DESCRIPTION OF THE TASK:
The entire listing, reproduced exactly and stripped of images, is the expected output.

DATA EXTRACT:

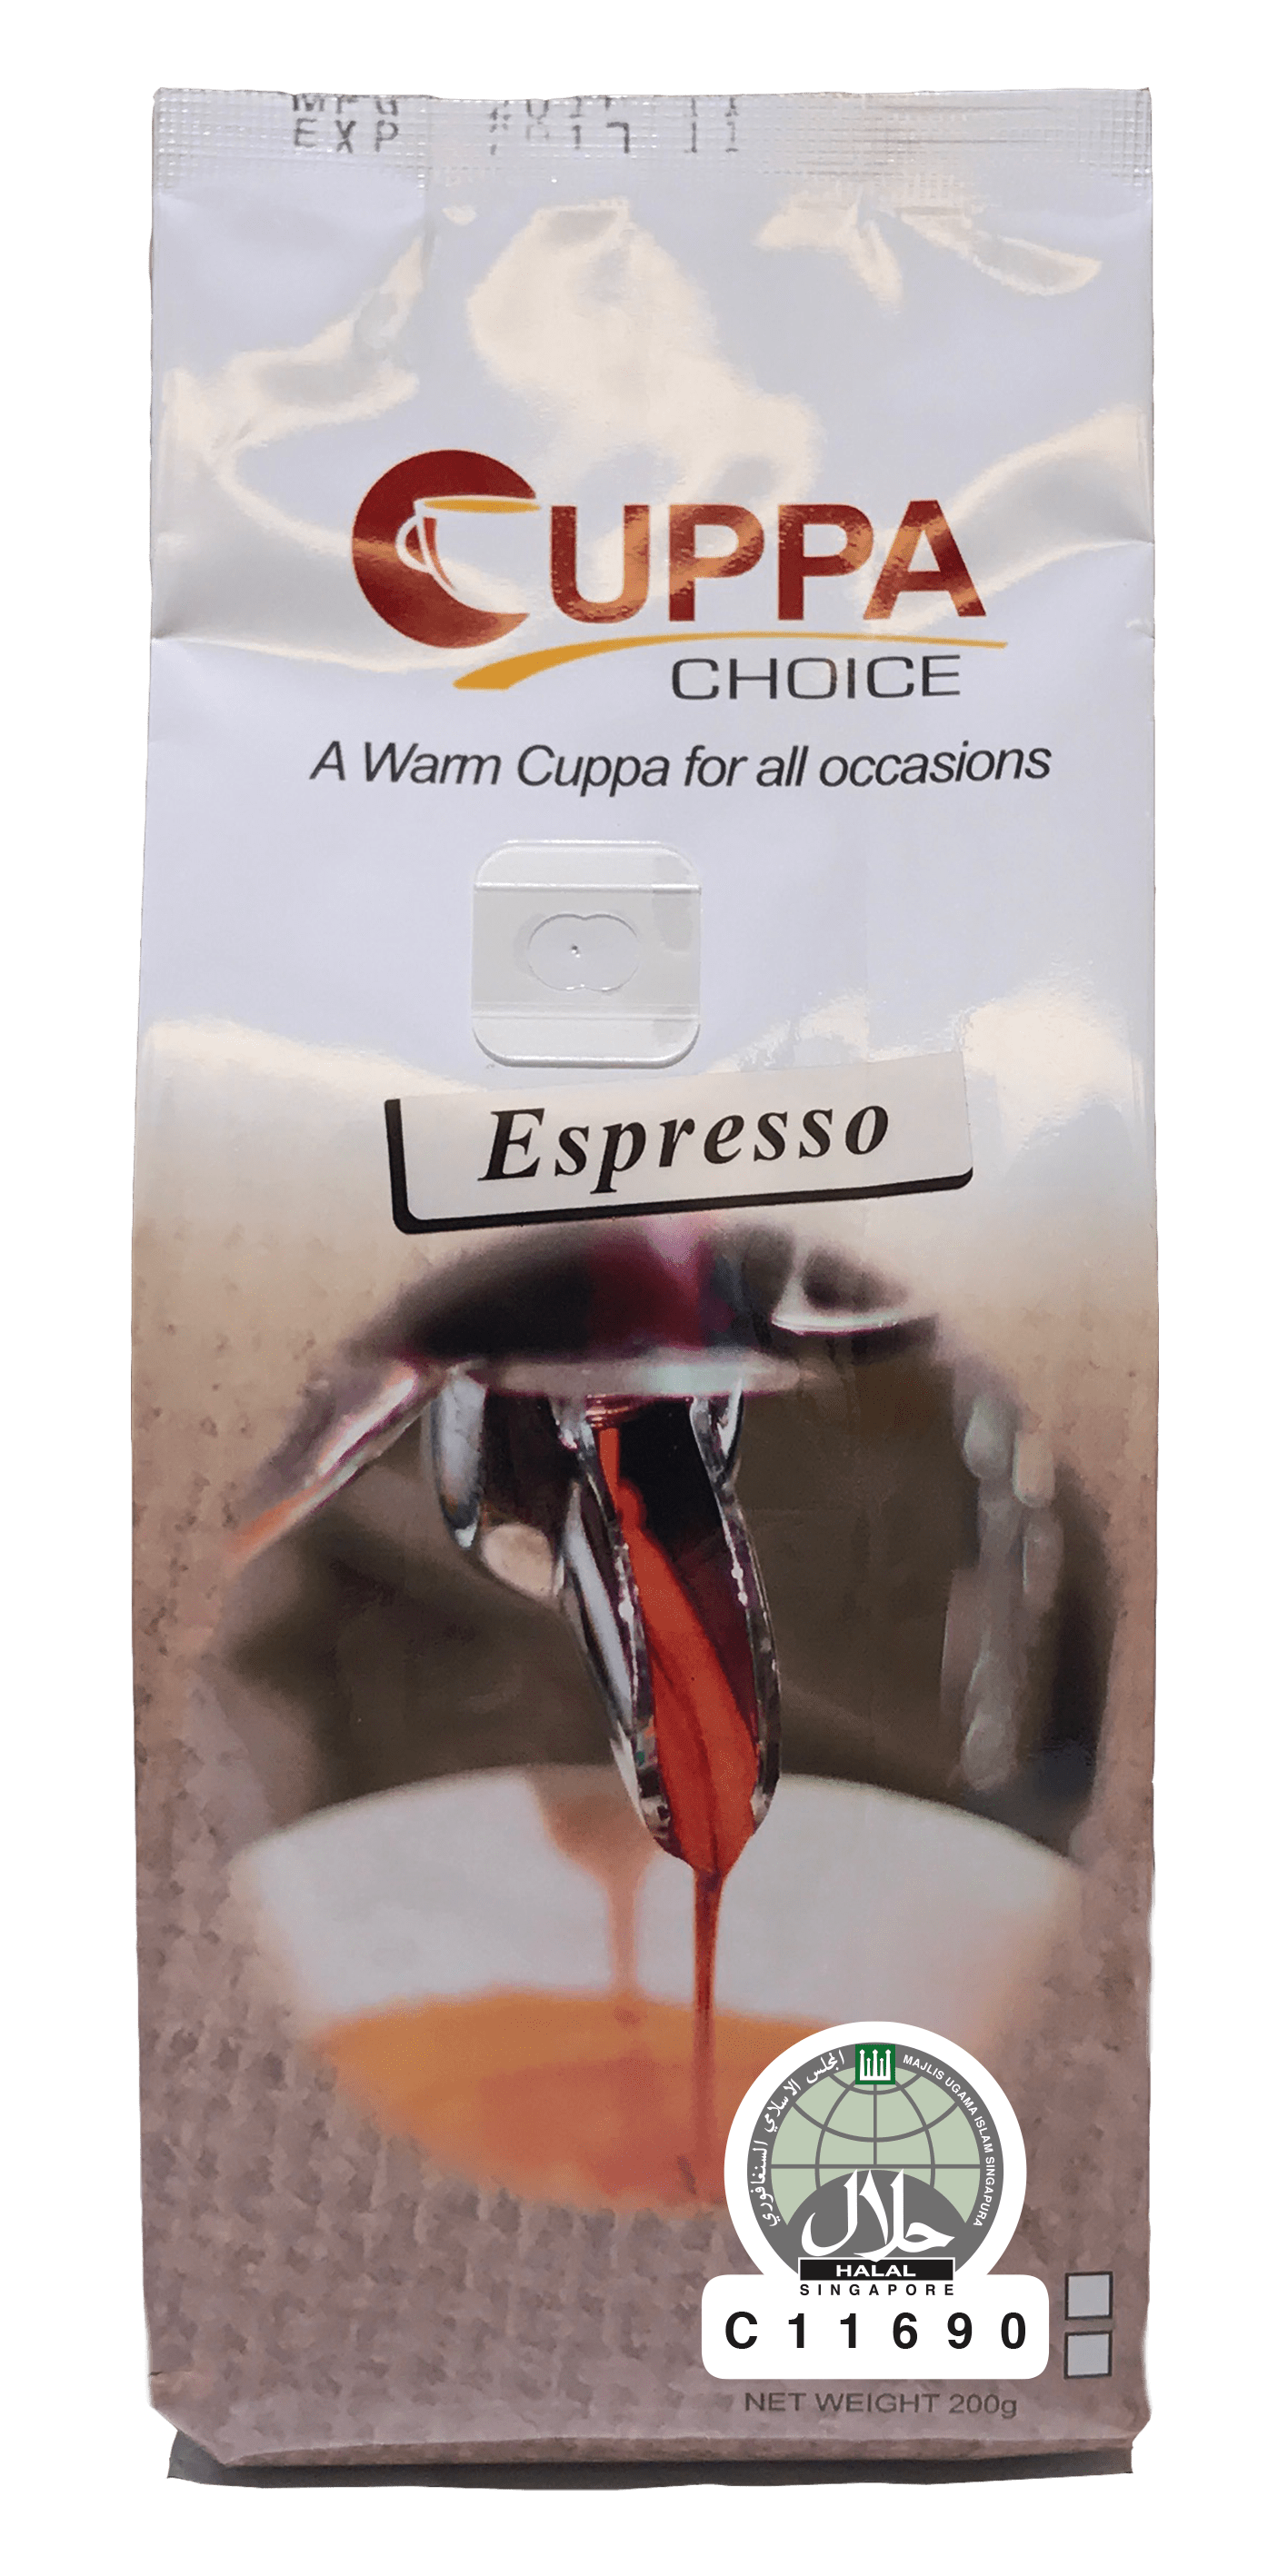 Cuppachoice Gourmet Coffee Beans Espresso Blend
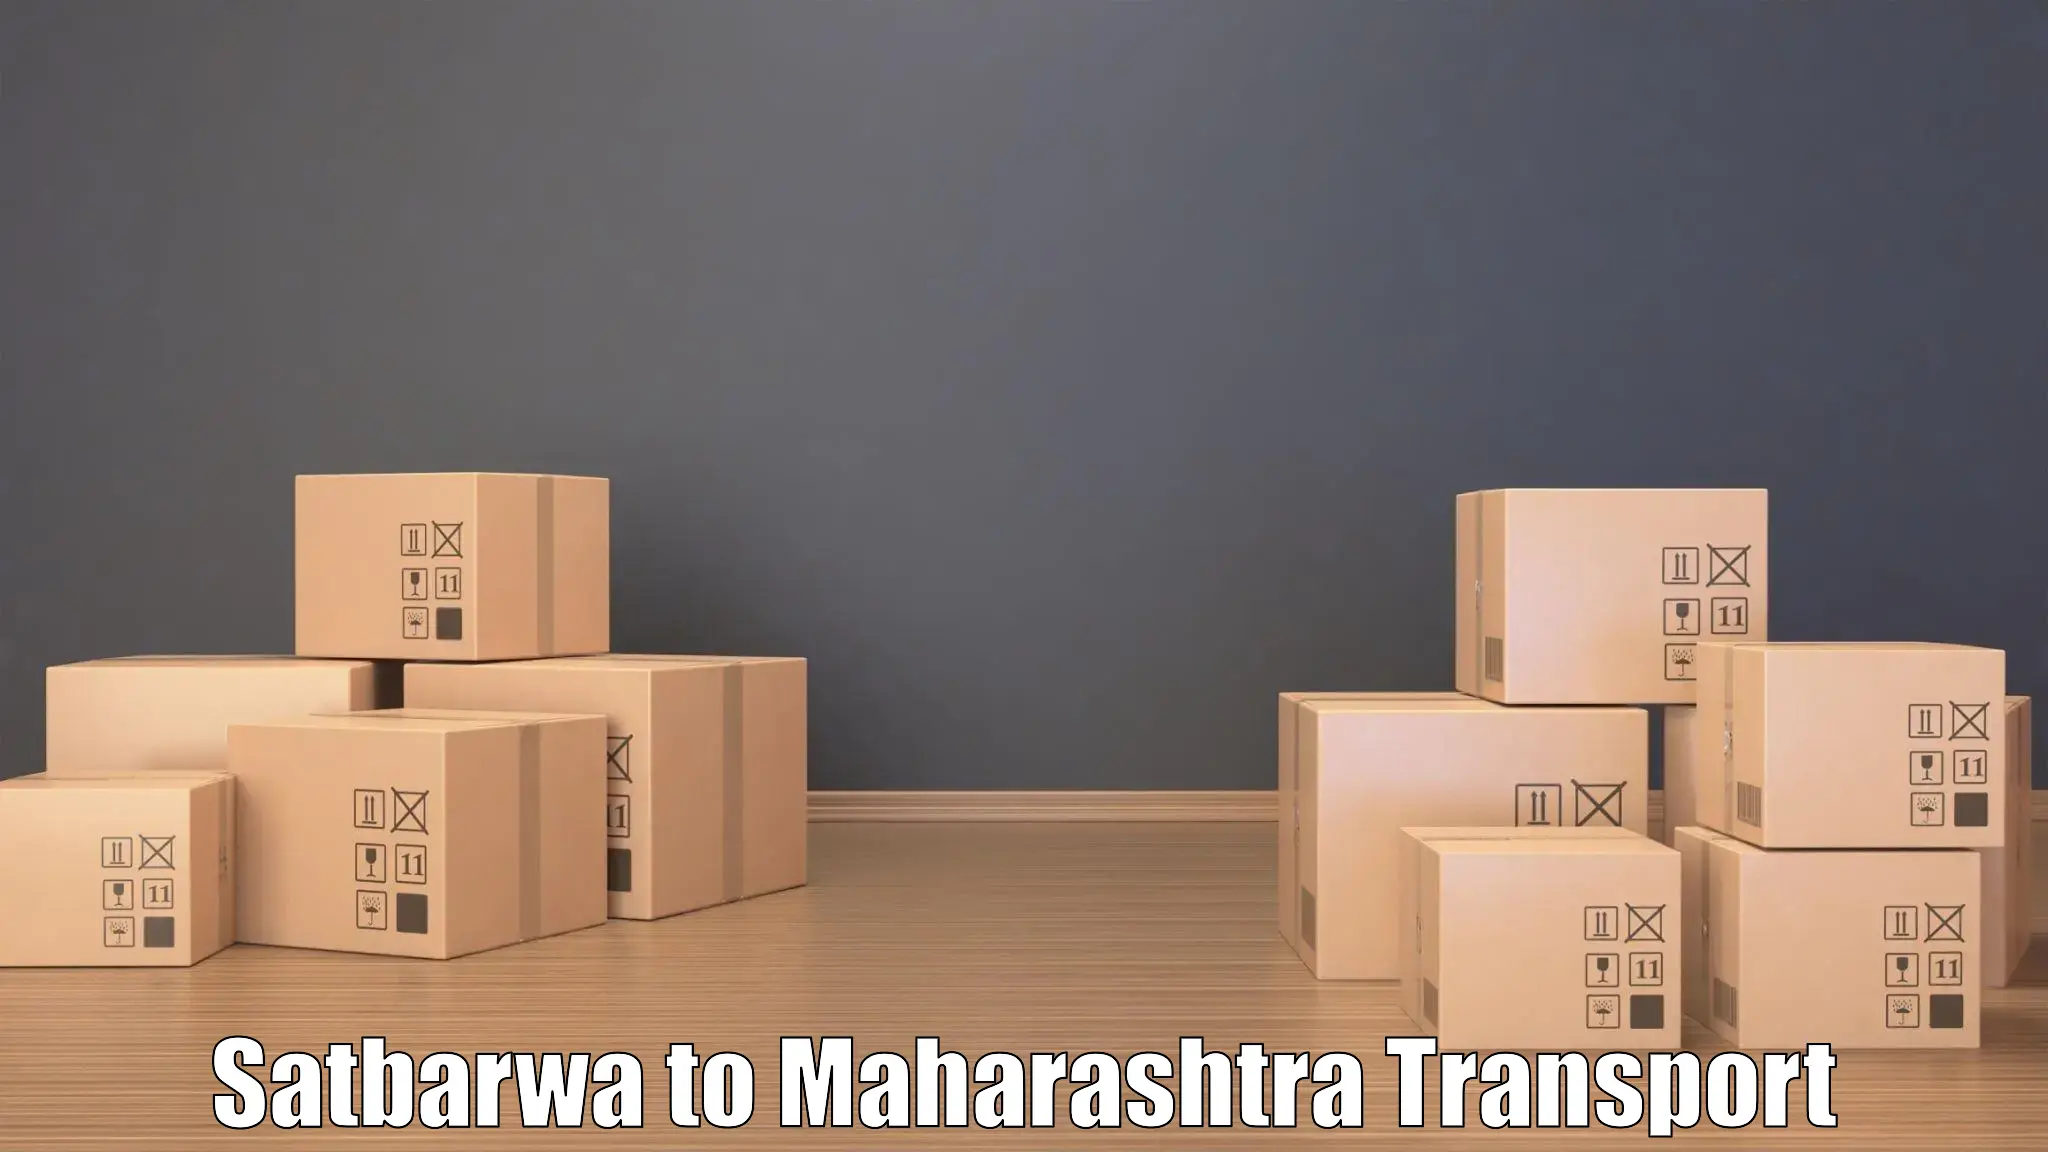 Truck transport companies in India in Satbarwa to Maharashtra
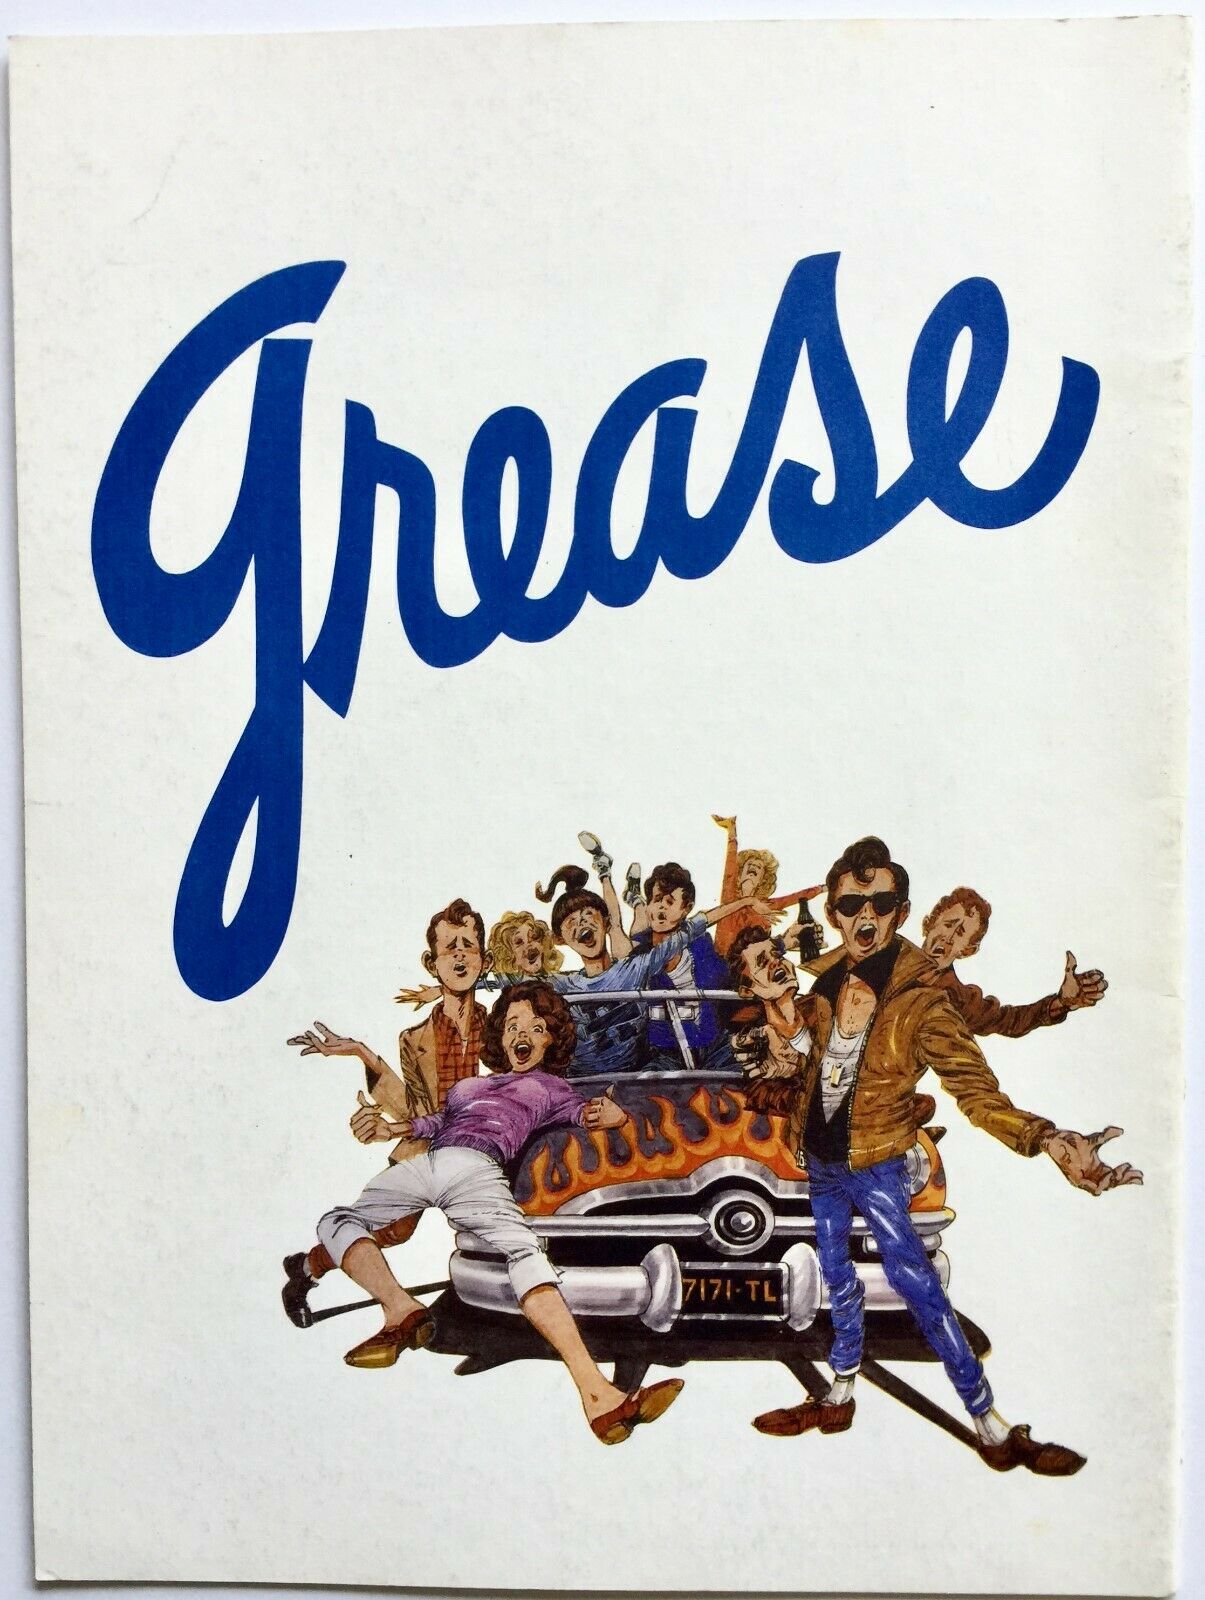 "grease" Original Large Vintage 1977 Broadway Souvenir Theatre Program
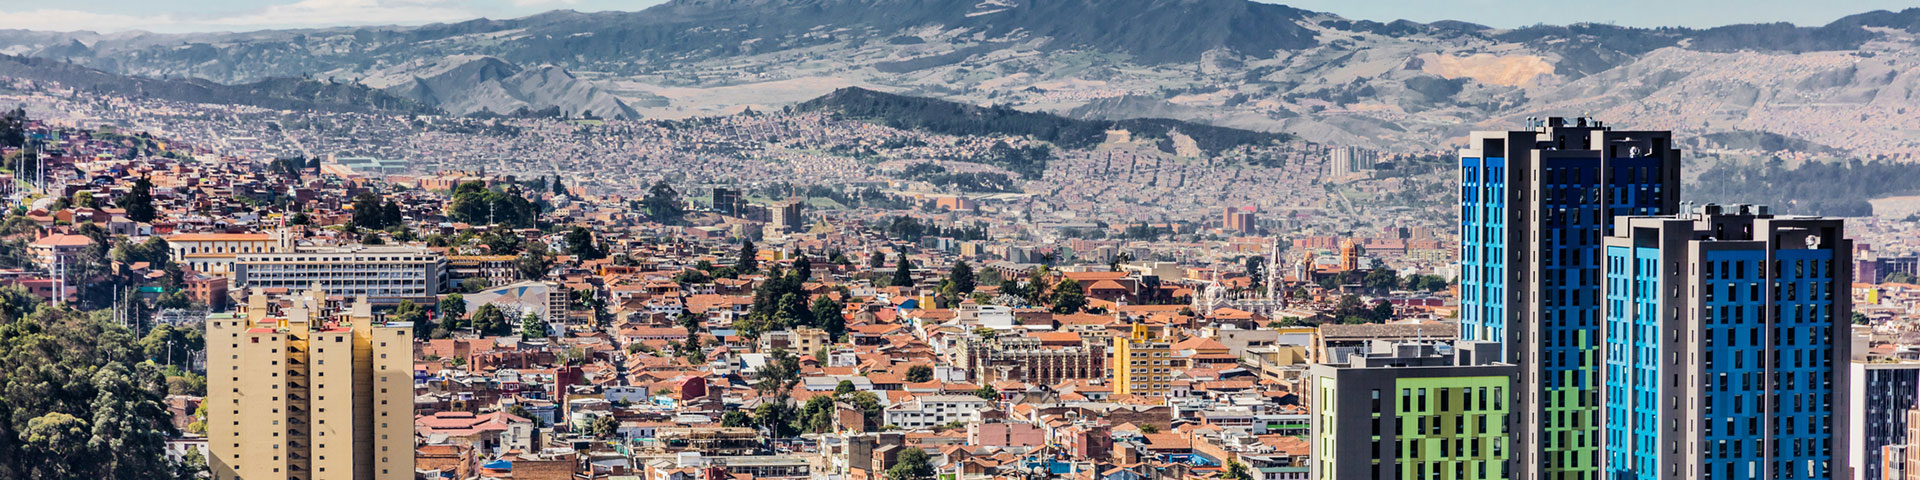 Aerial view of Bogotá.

OUTPUT FOR THIS EXERCISE:
 Cuppachoice Gourmet Coffee Beans Espresso Blend
 Truck transport companies in India in Satbarwa to Maharashtra
 "grease" Original Large Vintage 1977 Broadway Souvenir Theatre Program
 Aerial view of Bogotá.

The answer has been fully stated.